Find the line in the entries below that contains "TS-2 Performance Turbocharger". Repeat it exactly, and every line after it through the line that contains "personalized santa sack".

### GIVEN RECORDS

━━━

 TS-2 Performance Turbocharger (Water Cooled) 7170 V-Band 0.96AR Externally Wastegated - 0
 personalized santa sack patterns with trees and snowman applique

━━━

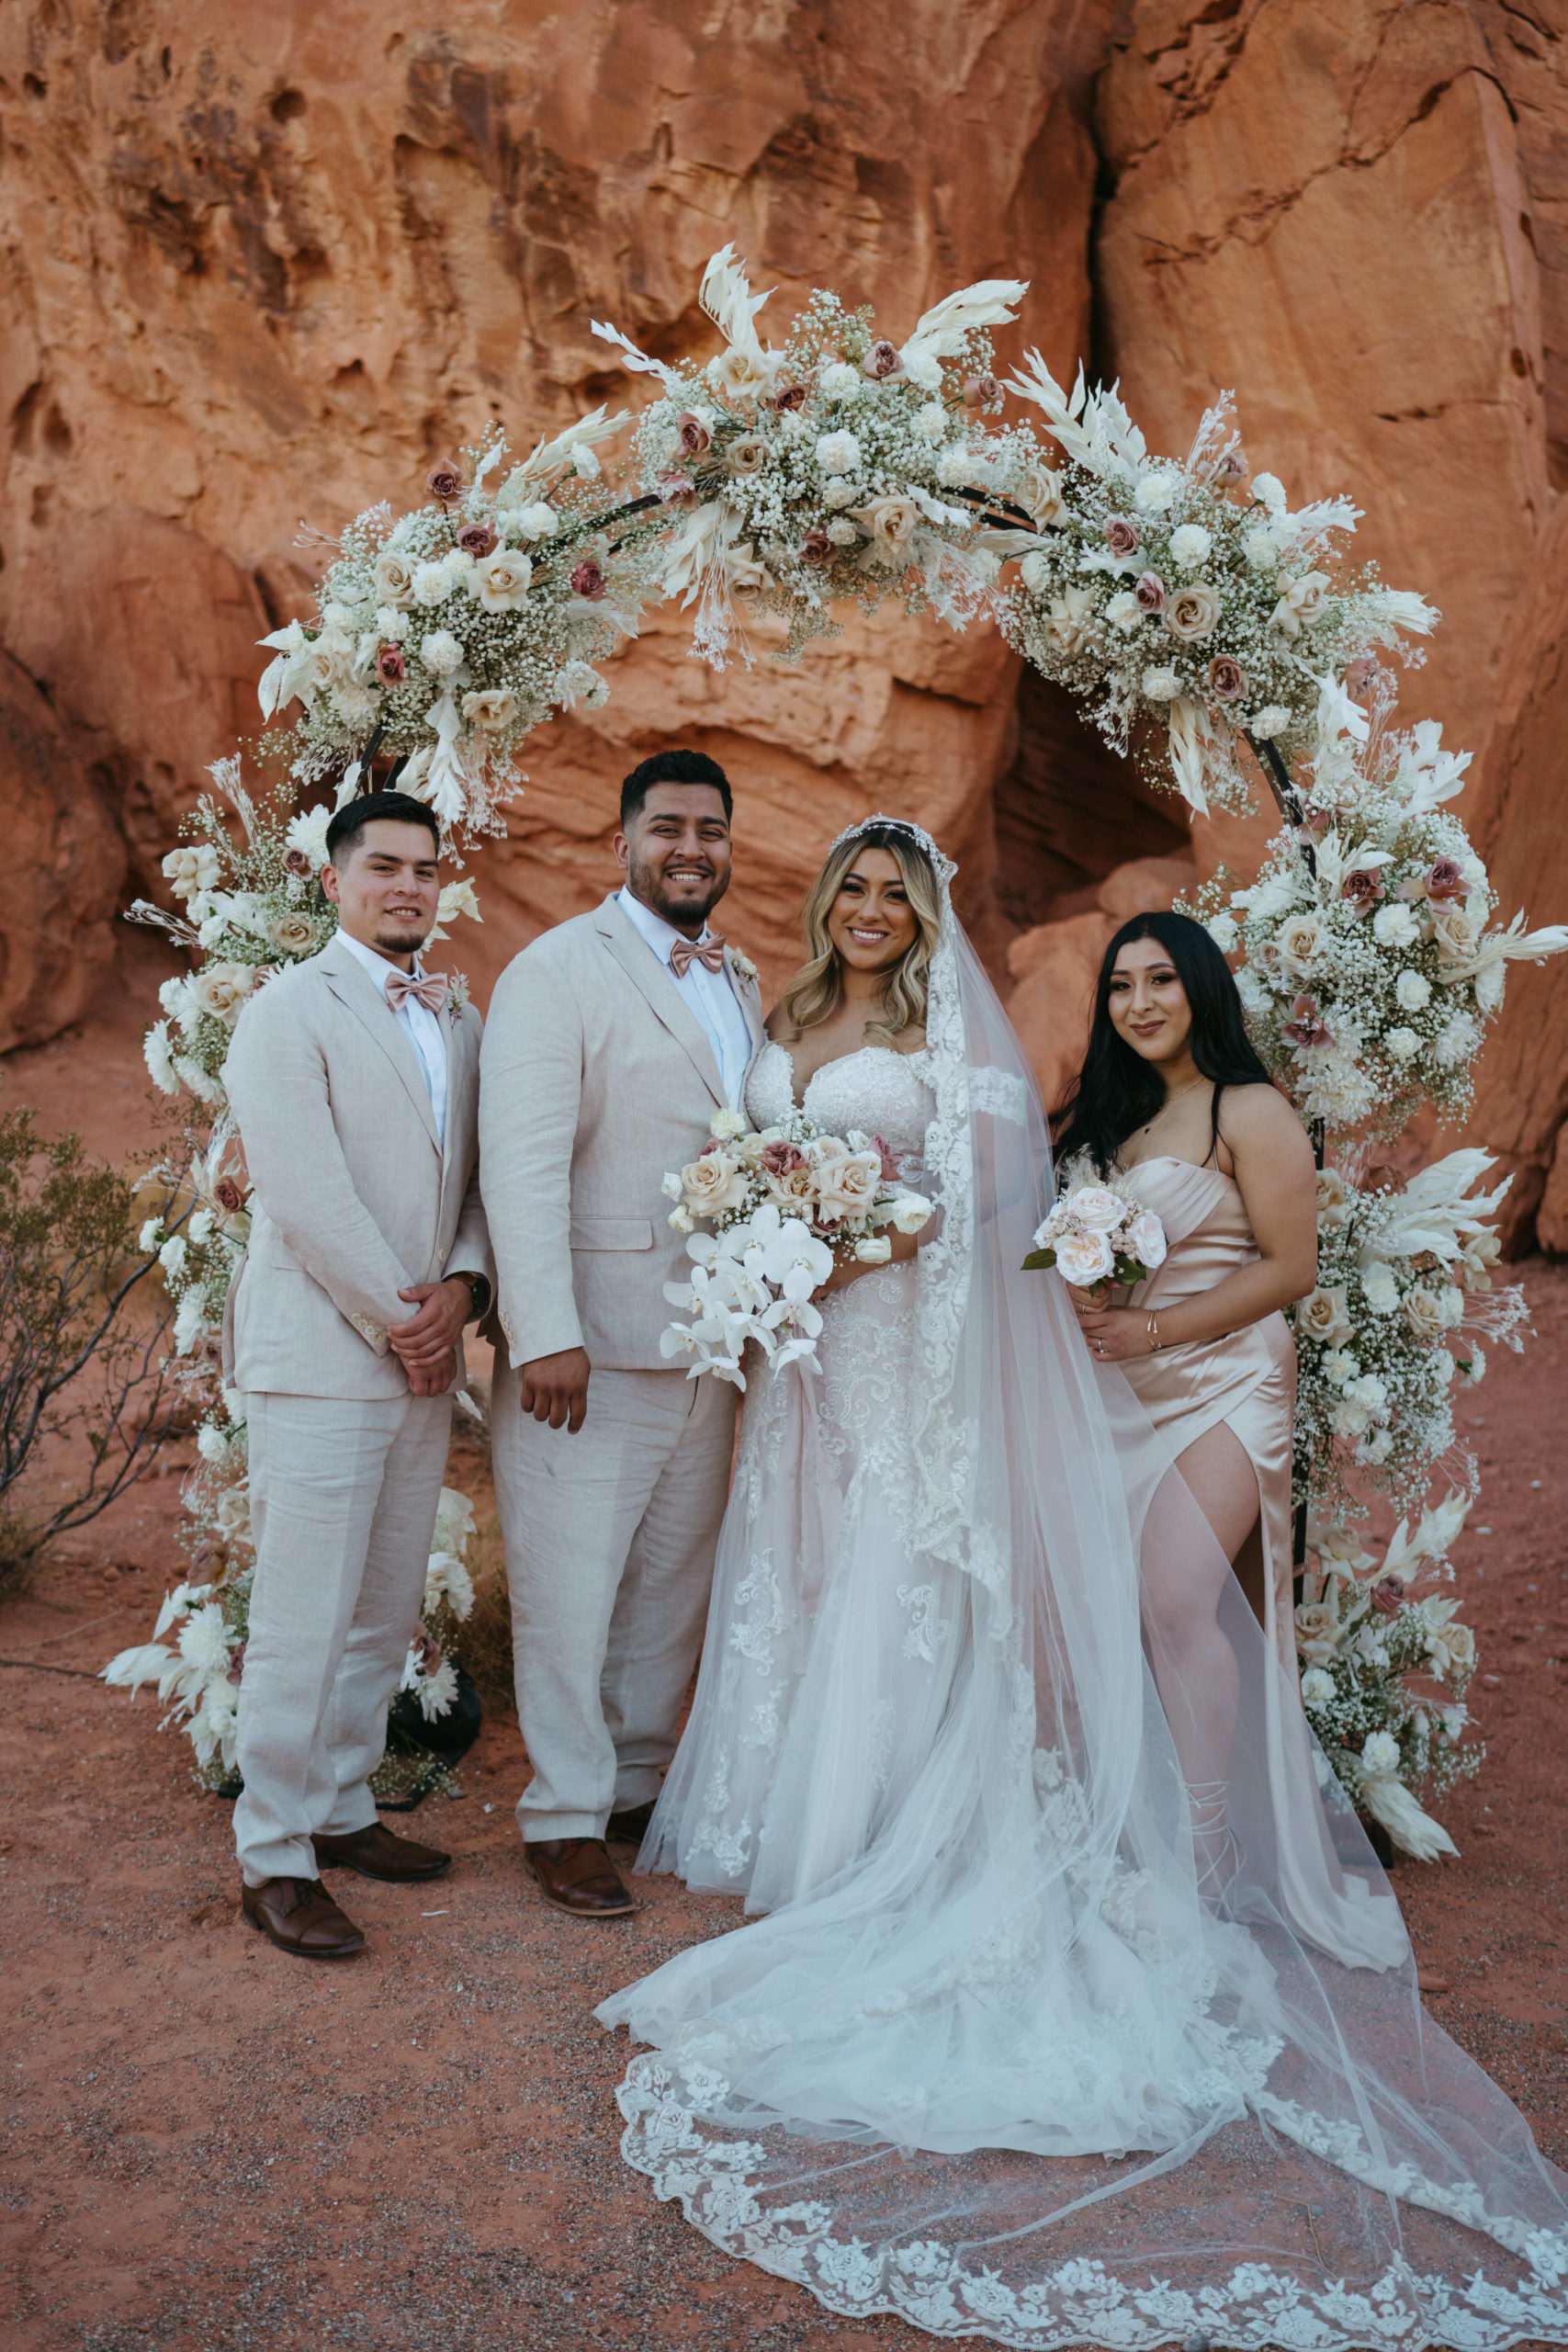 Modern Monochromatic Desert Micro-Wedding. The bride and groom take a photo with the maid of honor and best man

━━━

### YOUR SOLUTION
 TS-2 Performance Turbocharger (Water Cooled) 7170 V-Band 0.96AR Externally Wastegated - 0
 personalized santa sack patterns with trees and snowman applique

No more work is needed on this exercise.